I'm a dedicated alarm user, and I set alarms when I need to get up and write, program, read, etc.

Actually, one big thing that kept me from doing things is totally ignoring the time. I'm eating and watching YouTube videos at the same time. And then an hour went by unexpectedly.

Setting alarms at least minimizes the risk of doing so, but remember that it is very easy to ignore the alarm. I suggest you challenge yourself to follow your alarms like a slave for a week. Basically, you're reprogramming your brain to the point where you don't think, you're doing it when you hear the alarm.

Alarms are the easiest way to exercise discipline, no snooze and no delay. Just stick to the alarm, because there are two things this practice is going to do:

  1. It's going to minimize wasted time.
  2. This will increase your personal responsibility. If I say I'm going to write something at 6 p.m. I can trust myself to do it at 6 p.m.                                                             If you make such promises to yourself routinely, you 're going to start building up your own accountability. If I say that I'm going to do something, then I'm going to do everything I can to get that done. This starts to build your self-esteem and momentum, you start to feel like you're the kind of person who gets things done. I admire simplicity and alarms must be one of the easiest ways to build discipline and increase efficiency.


3. Break things down.

Tasks often seem to require a ton of effort, because we're not really sure where to start and break it down can really help you see a route.

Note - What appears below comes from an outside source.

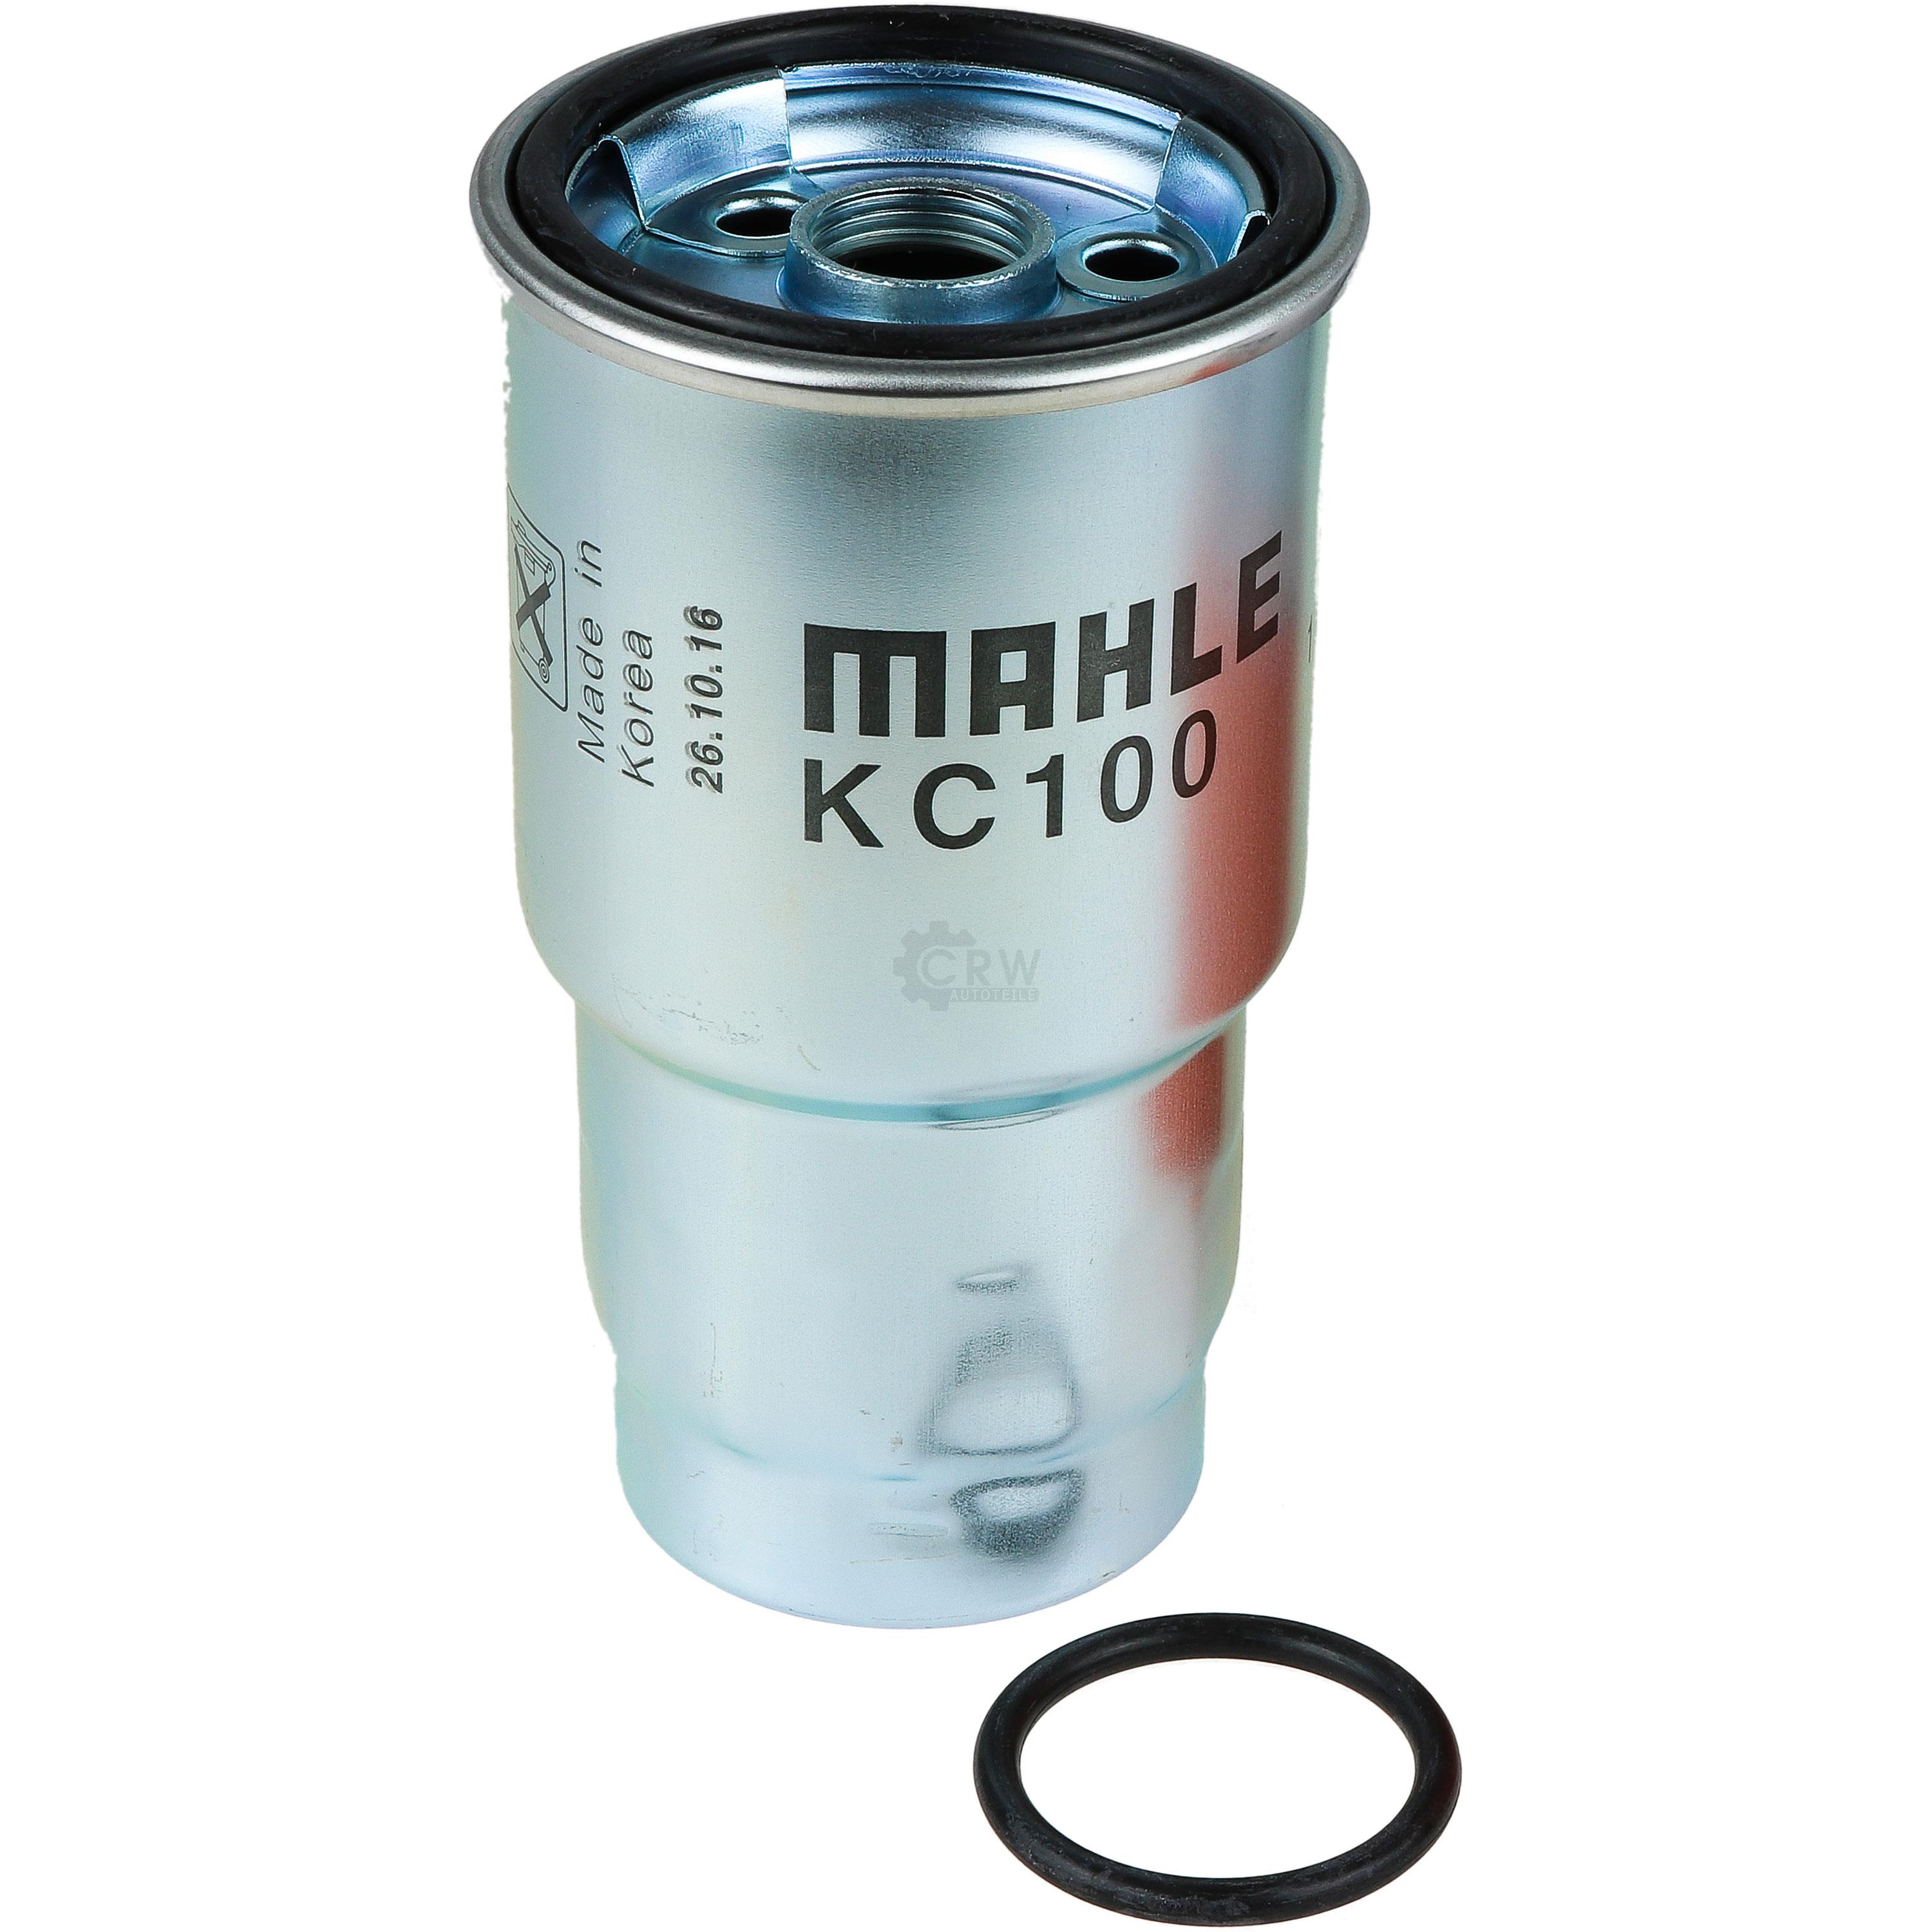 MAHLE / KNECHT Kraftstofffilter KC 100D Fuel Filter

Just start writing a to-Do List. It'll be clearer and easier to get started.

If you have a to-do list in front of you, and you feel that it's too much effort to even waste time starting, then most likely you haven't broken the work down enough. Proper planning is really one of the keys to being productive. Plan your to-do list a day or even a week before.

That way, a few days before, you spend the energy to break down each task into comprehensible sub-tasks. And the day you're planning to start, you can start right away.

You don't even have to spend any energy thinking about how to get started. Well, because that's already taken care of.


4. Change your surroundings.

This one may be even simpler, and that's to increase productivity and energy for a specific task.

This can be as simple as changing your environment. If you're always working on a stationary computer in your room, try using a laptop and sitting in the living room. Try going to a coffee shop.

Or maybe you might be able to move your desk to the other side of the room. Even some kind of change can bring great benefits.

Try it, maybe you like it.


5. Pinpoint your Weaknesses.

Figure out when and where you tend to get stuck.

For instance, I love eating lunch while watching some YouTube and usually what will happen is that I'll get stuck.

After I'm done with breakfast I will usually still have a bit left on a video which means that I'll lean back and get comfortable.

Before I know it, my body has turned into a block of concrete on the couch and just getting to the computer that's barely 5 meters away has become a huge task. Let alone actually working on the project I should work on.

So what I tried was to eat in the kitchen instead, without watching anything on YouTube or listening to music. Just in complete silence.

This really made me consistently more productive.